Ahlberg, a Swedish researcher who did not work on footprints in Crete, says there is no doubt that our species, Homo sapiens

, evolved in Africa about 250 a thousand years ago. His interest is long before that.

“This (the African origin of Homo sapiens) is very well documented,” he says. “The question here has been for much longer, whether the entire human lineage originated in Africa.”

“Perhaps not, as our research suggests that human ancestors may have wandered into southern Europe first, as well as in East Africa,” adds Ahlberg.

Rather than simply refute the hypothesis Leaving Africa, Ahlberg says he is working with the possibility that our ancestors may have spread to Europe earlier of what we currently believe.

“All we are saying is that the reach of these first homininians may be greater than people are used to thinking.”

In 2017, the same year that the first article on Trachilos’ footprints was published, German paleontologist and professor Madelaine Bohme, from the University of Tbingen, made headlines on her own. She announced that the discovery of the “last common ancestor” of humans and chimpanzees has not been found in Africa, but in Europe.

Bohme and a team of researchers said the creature, named Graecopithecus, lived in the region of Blcs there are 7,11 and 7,18 millions of years, therefore older than Sahelanthropus, currently considered the oldest human ancestor to walk upright.

So far, the remains of Graecopithecus consist of a single tooth and a jaw, the latter found in Greece, 250 km from Crete.

“Our investigations do not challenge the history of human evolution after 5 million years ago, but what happened before that,” argues Bohme.

Skepticism and science

The controversy provoked by Trachilos’ footprints has also sparked debate about how scientists deal with an off-the-curve hypothesis.

Despite his hesitations about Trachilos’ footprints, Robin Crompton of the University and from Liverpool, adamant that rejection as hominid tracks by other experts does nothing to help the study of the origins of humanity.
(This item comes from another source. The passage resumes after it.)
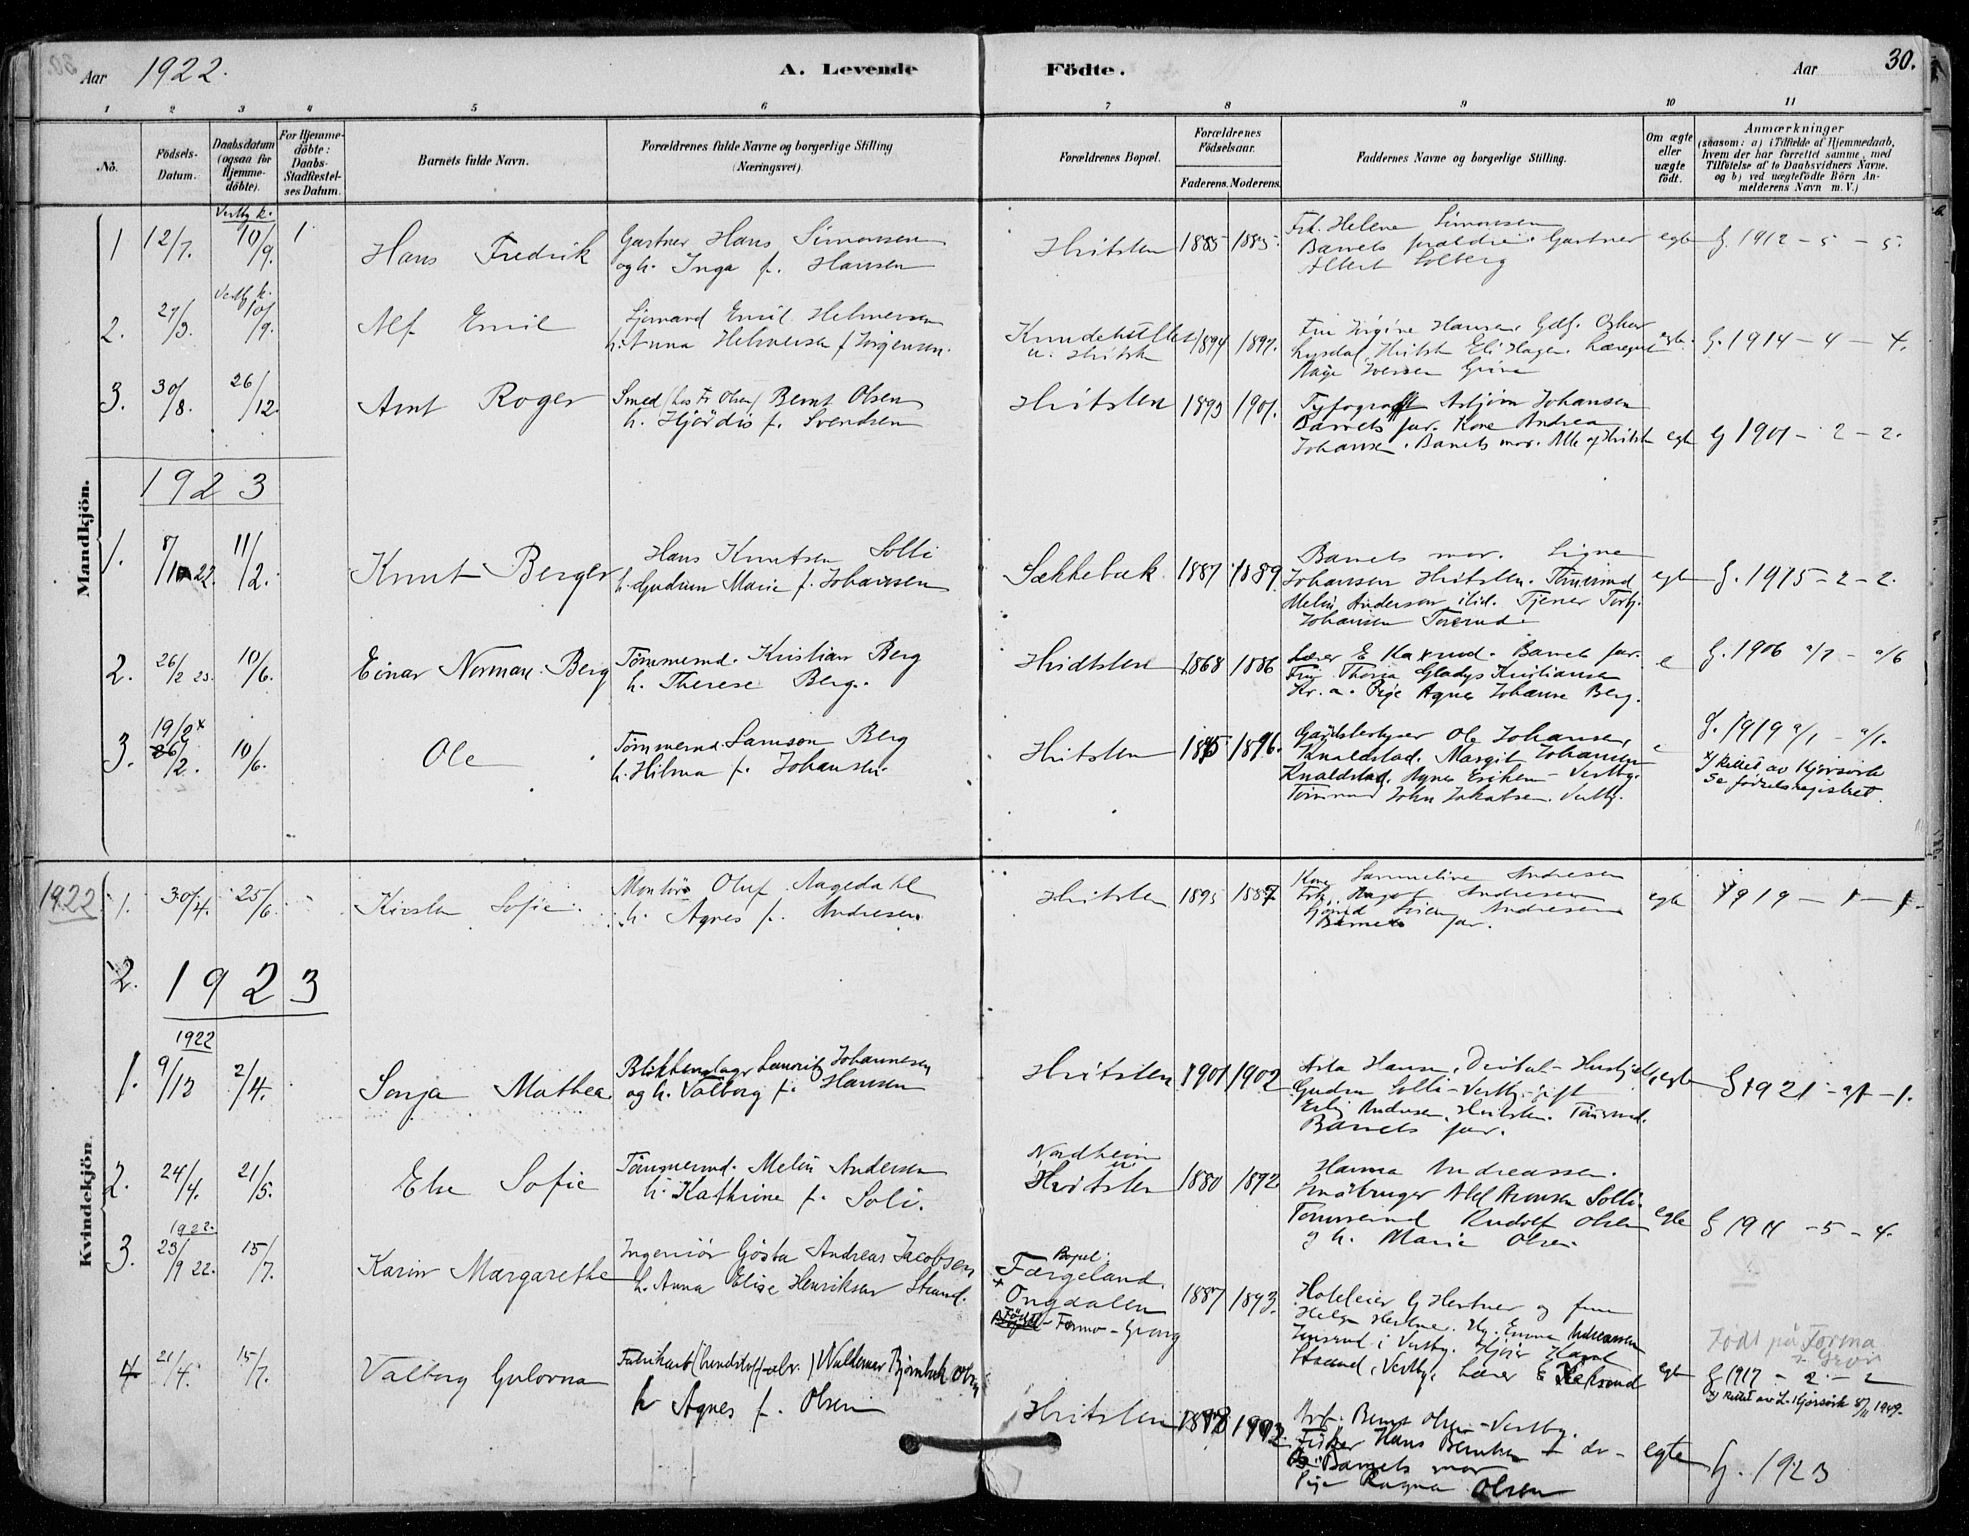 SAO, Vestby prestekontor Kirkebøker, F/Fd/L0001: Ministerialbok nr. IV 1, 1878-1945, s. 30
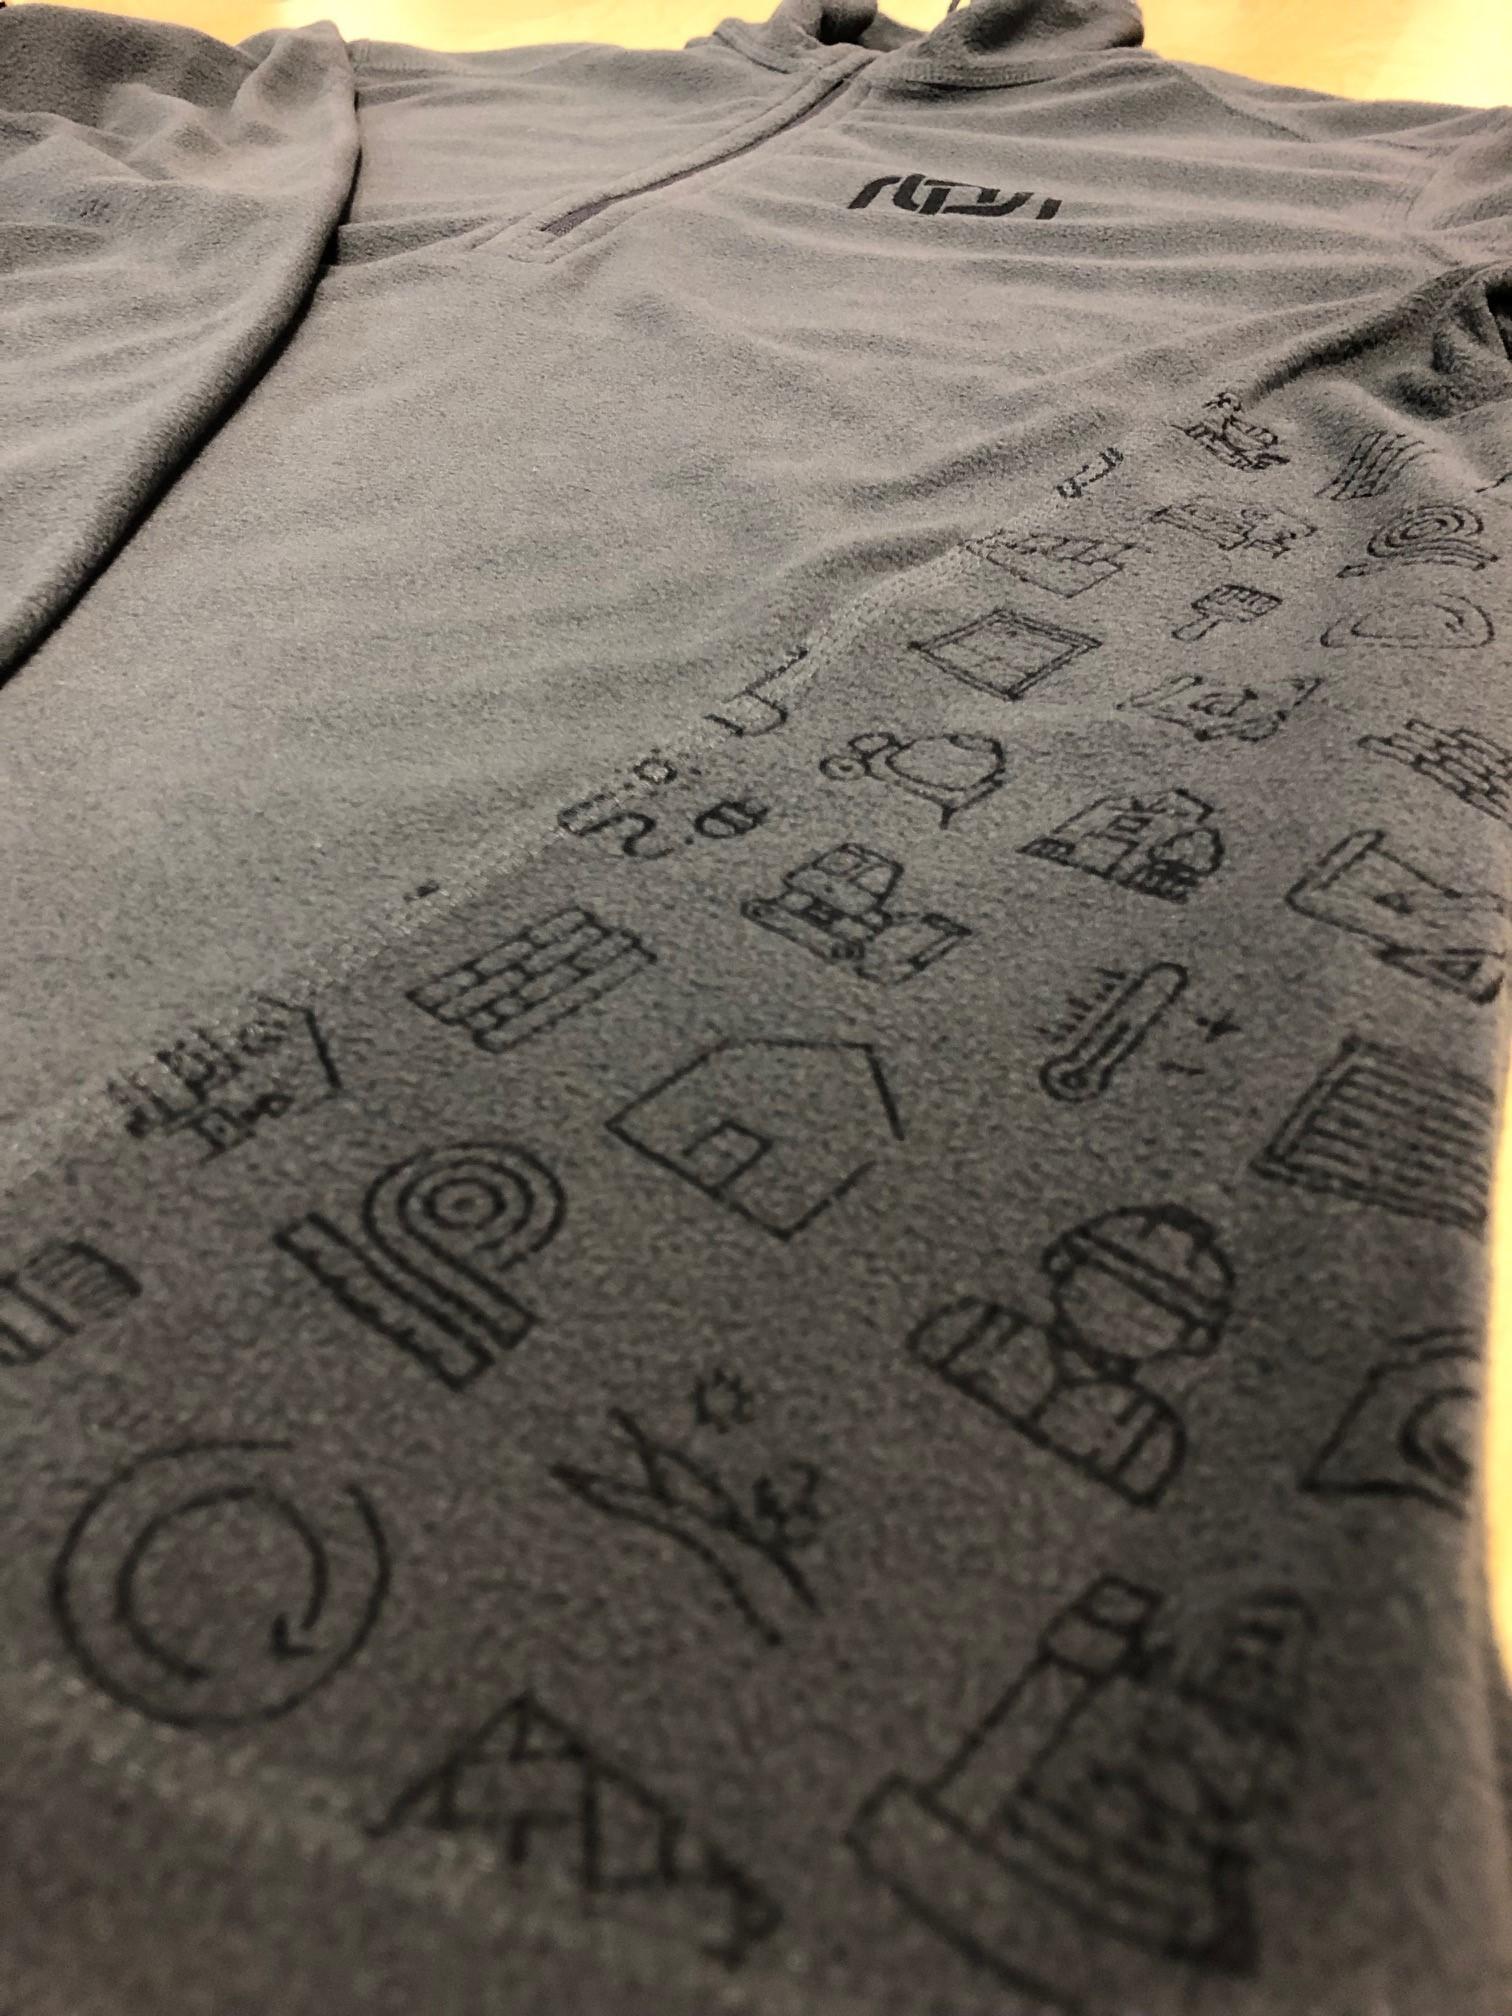 logounltd_laser_etching_embroidery_screen_printing_apparel_uniform_custom_tshirts_kirkland_bellevue_seattle_redmond_woodinville_branded_merchandise_promotional_products_logo_unltd_ tshirts_design_custom_1 (1).jpg

Scientists need to keep an open mind,” he said.

Madelaine Bohme agrees, noting that there have been seismic-dimension shifts in theories about the origins of humanity.

The hypothesis from Africa, for example, did not immediately become accepted by most experts when the remains of a child known as the Taung Child, who lived 2.8 million years ago, were found in South Africa in 1924. “There were times in history when it was believed that humanity could have originated in different parts of the world, not Africa.”

For her , “science without skepticism is not good science, but people need to be open to discussions. And yes, we need more investigation and more discoveries, but colleagues are simply discarding our findings for something totally different” see.

Per Ahlberg, linked to the study of the footprints of Crete, seems to be particularly irritated by criticism of “It’s only because people are so desperately attached to the idea of ​​the Out of Africa theory that our claims are seen in that way,” he says. We present the evidence and present the defense of our discovery.”

For him, “fighting people’s unbelief is frankly uninteresting.”